Bombay Canteen and O Pedro chef and founder Floyd Cardoz died at the age of 59 on Mar. 25 after testing positive for COVID-19 a week before. Cardoz was the executive chef of pioneering modern Indian restaurant Tabla, which he opened with Union Square Hospitality Group CEO Danny Meyer in 1988. He was also the culinary director of Hunger Inc. Hospitality.

After reading Arthur Hailey’s book “Hotel,” Cardoz knew that his initial plan of being a biochemist wasn’t for him anymore. Before coming to New York, he went to Les Roches culinary school in Switzerland. Cardoz worked in New York restaurant Lespinasse, rising through the ranks from line cook to executive sous chef under Swiss chef Gray Kunz. He soon helmed Meyer’s North End Grill and was Bravo’s “Top Chef Masters” season three champion.

“I remember walking into [Tabla] and feeling this sense of pride that I had never felt as an Indian,” says chef Asha Gomez. “To see what he had done to elevate Indian cuisine to the likes of French cuisine—because it deserves to be in that same light—was at the time mind-blowing to me.” 

Cardoz left his mark among many aspiring Indian chefs. Mumbai chef Saransh Goila first heard of Cardoz when he was in culinary school, saying that he was often “cited as a chef who made Indian cuisine proud in the US and was making people internationally aware of [Indian] food.” 

Floyd Cardoz was the executive chef of pioneering modern Indian restaurant Tabla, which he opened with Union Square Hospitality Group CEO Danny Meyer in 1988. He was also the culinary director of Hunger Inc.
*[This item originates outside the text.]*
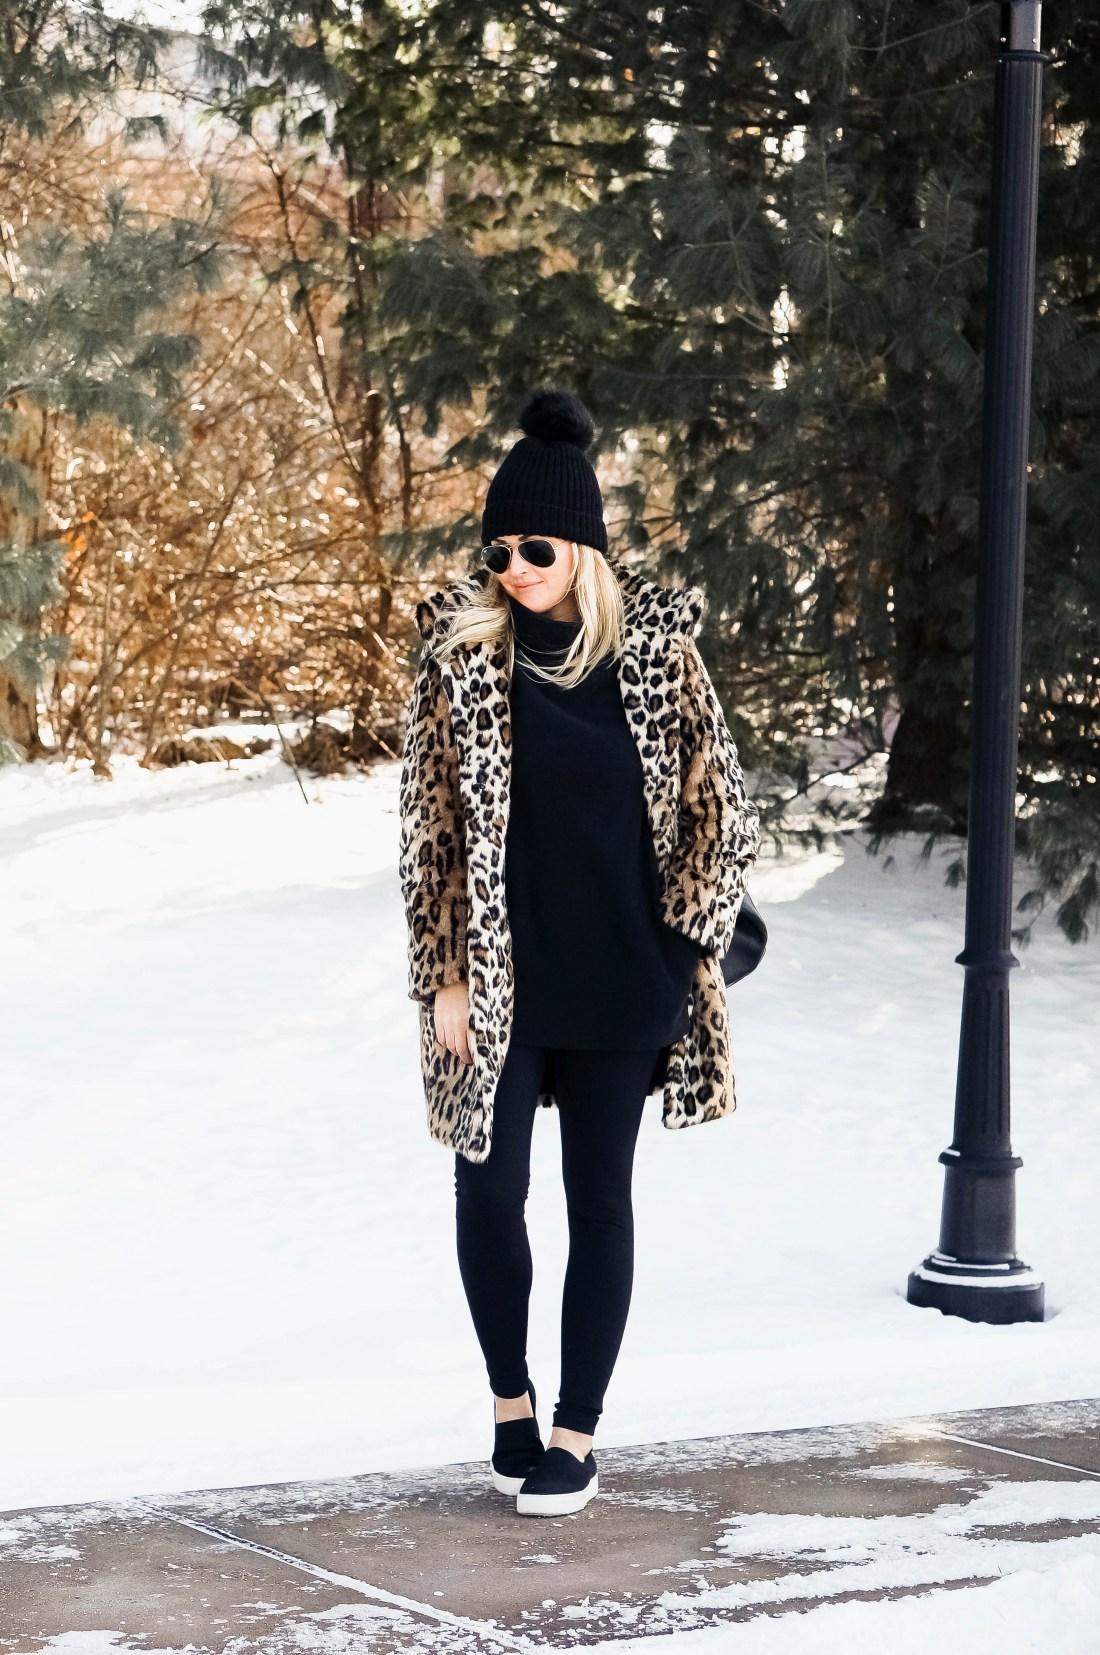 How To Wear A Fur Leopard Coat

Hospitality.

He authored two cookbooks,”One Spice, Two Spice: American Food, Indian Flavors” in 2006 and “Floyd Cardoz: Flavorwalla: Big Flavor. Bold Spices. A New Way to Cook the Foods You Love” in 2016, and was a four-time James Beard Award nominee.

“Floyd was one of those chefs who could cook circles around everyone and had such a deep understanding of flavor. He was early to things, and maybe too early, that people didn’t often credit him enough for his innovations,” says Khushbu Shah of Food & Wine magazine.

New York Times restaurant critic Pete Wells describes Cardoz as an exceptional talent who can unify French, Indian, and American flavors. For chef-restaurateur David Chang, Cardoz was one of his first supporters and was “criminally under-appreciated” despite bringing new flavors and techniques to the US. Gramercy Tavern’s executive chef Michael Anthony said Cardoz was “a constant source of knowledge and inspiration.”

The Mumbai-raised chef recently returned to New Jersey after filming the Netflix series “Ugly Delicious” with actor Aziz Ansari in India. Just this month, he opened Bombay Sweet Shop, his third concept in India. He is survived by his wife, two children, mother, and five siblings.